Марта долго молчала.

– Нам здесь хорошо, Рихард, – наконец выдавила она. – Даже… чересчур… Вы обо мне слишком заботитесь. Я и без того многим вам обязана.

– Считайте, что это сделал кто-нибудь другой.

– Но сделали вы! – тихо возразила девушка.

– Ну, не знаю. Тогда считайте, что я слазил в то пекло с низменными, корыстными целями. Со злостным умыслом затащить вас сюда.

Она рассмеялась.

– Что вы смеетесь? Это и есть настоящая, чистейшая правда. Хотите – давайте устроим тут небольшой пожар, и я повторю тот же номер на бис. Специально для вас. Чтобы вы остались здесь, в Лосбери. – Рихард выдержал паузу и закончил шутовским фальцетом: – Подольше!

Марта, нахмурившись, поднялась:

– Вы нарушаете уговор, Рихард.

– Почему нарушаю? – попытался отшутиться он. – Я же не сказал «навсегда», а только «подольше». По всем законам гостеприимства.

– Знаете, на кого вы сейчас похожи? В этих своих белых доспехах? – задумчиво перебила его Марта. – На рыцаря… Из легенды. Белый рыцарь! Так будьте же им до конца. И не смотрите на меня так.

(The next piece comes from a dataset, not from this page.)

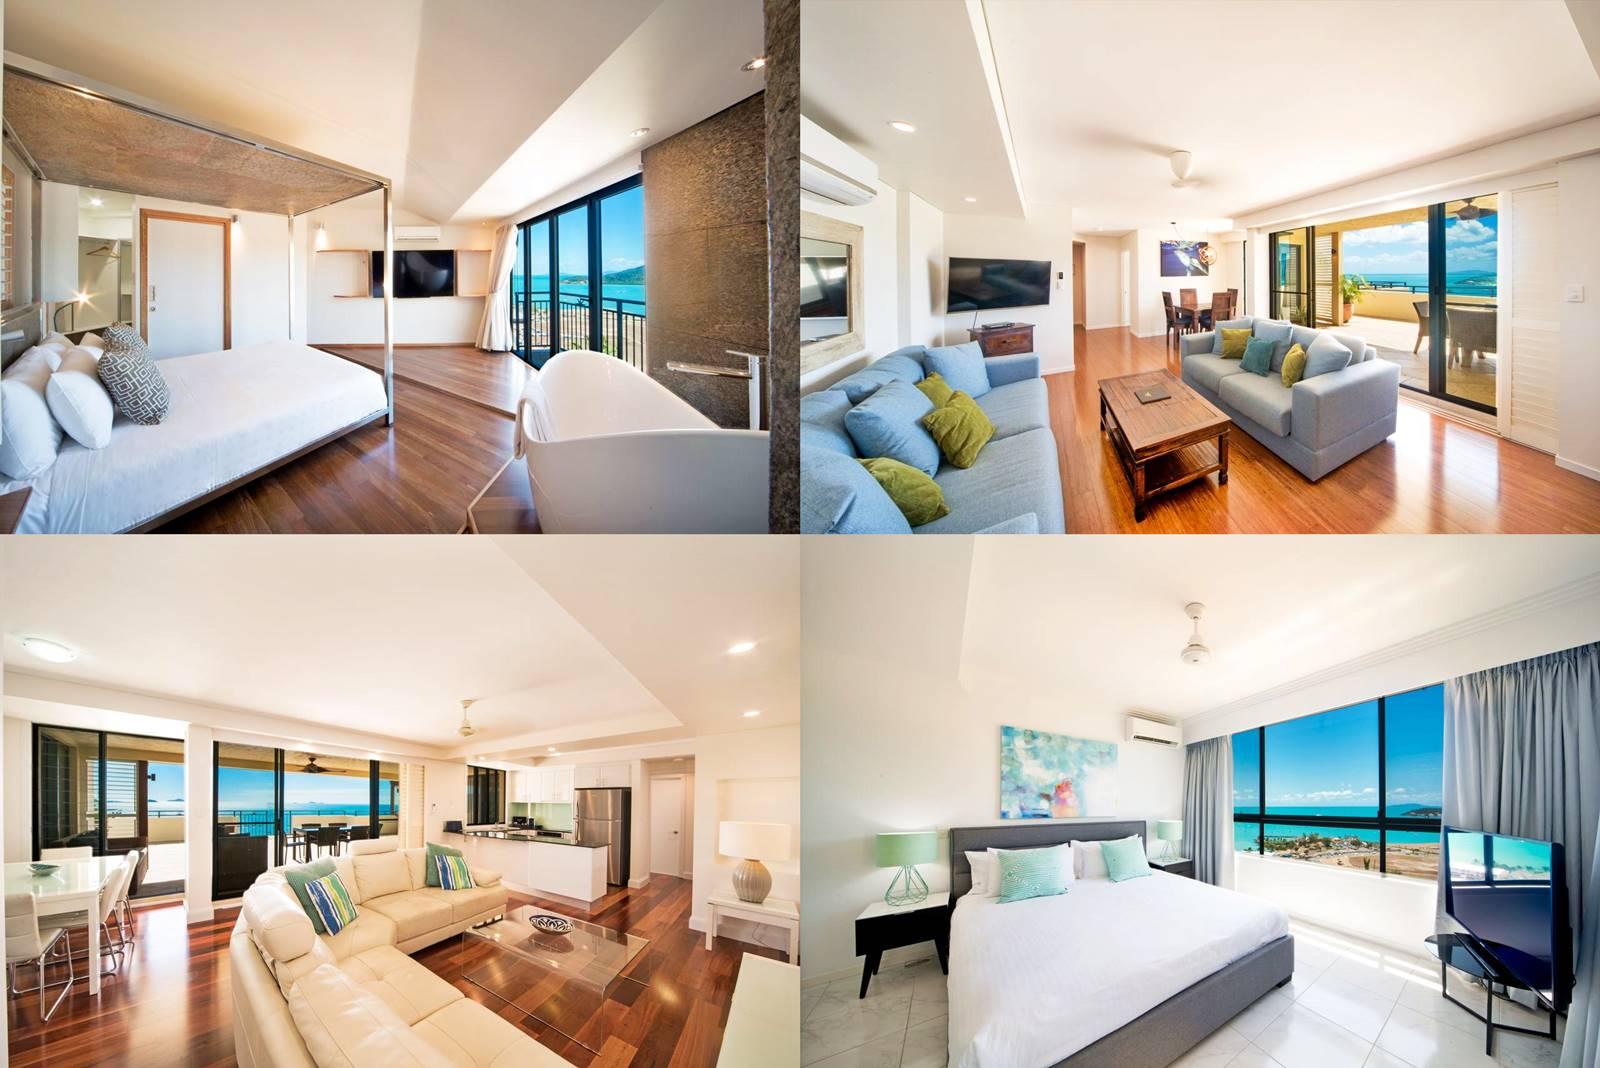 聖靈群島-艾爾利海灘-Airlie-Beach-住宿-推薦-Pinnacles-Resort-飯店-旅館-酒店-民宿-公寓-市區-自由行-便宜-CP值-澳洲-Best-Hotel-Whitsundays

Пожалуйста…

– «Мой глаз и сердце издавна в борьбе… – вздохнул Лосберг. – Они тебя не могут поделить».

– Рихард! – запротестовала она. – Вы опять…

– Да не Рихард – Вильям… Шекспир… Ему-то можно, надеюсь? «Мой глаз твой образ требует себе, а сердце в сердце хочет утаить… Трудами изнурен, хочу уснуть… Блаженный отдых обрести в постели… Но только лягу – вновь пускаюсь в путь… в своих мечтах – к одной и той же цели…»

Марта отошла к распахнутому окну, зачарованно вслушиваясь в музыку бессмертных строф, – они плыли над вершинами сосен, над медленными стаями облаков, над сияющей вдали полоской моря и будто вдыхали горячую, трепетную душу в этот необъятный простор…

– Любовь – недуг, моя душа больна
Томительной, неутолимой жаждой,
Того же яда требует она,
Который отравил ее однажды.
Мой разум – врач, любовь мою лечил,
Она отвергла травы и коренья.
И бедный лекарь выбился из сил
И нас покинул, потеряв терпенье.

Стихи текли и текли… одурманивали, завораживали тонкой, лукавой, таинственной прелестью. Стряхнув оцепенение, Марта тихенько, неслышно ступая, вышла из комнаты.

Под вечер Озолс подкатил в своей повозке к подъезду Лосбери и, махнув Петерису, заковылял по дорожке к дому. Еще весь в бинтах и наклейках, с палочкой в руке, он все же возвращался бодро, хорошо потрудившись за день. Как бы там ни было, а худа без добра не бывает. Может, и неспроста судьба привела его с дочерью в этот шикарный господский дом? Он остановился было перевести дух и полюбоваться розами – они росли здесь повсюду, – как вдруг заметил вышедшую на крыльцо Марту. У дочери в руках был небольшой чемоданчик.

– Ты что это? – удивленно спросил он. – Куда собралась на ночь глядя?

– В поселок. Ты Петериса отпустил?

– Отпустил. Ну а все-таки? Разве завтра нельзя съездить?

– Нет, я пойду сейчас, – тихо сказала она.

– Да что случилось? – заволновался Озолс. – Объясни толком.

– Так… Ничего… Просто я не могу здесь больше оставаться.

– Тебя обидел кто-то? – понизил голос отец. – Ты скажи – я должен знать.

– Нет-нет, – поспешно возразила она. – Пожалуйста, не волнуйся. Никто и не думал меня обижать. Наоборот, только я пока поживу у Бируты.

– Ничего не понимаю, – нахмурился Озолс. – Никто не обижал, а уходишь. Ты хоть подумала – хорошо ли это? По отношению к господину Лосбергу.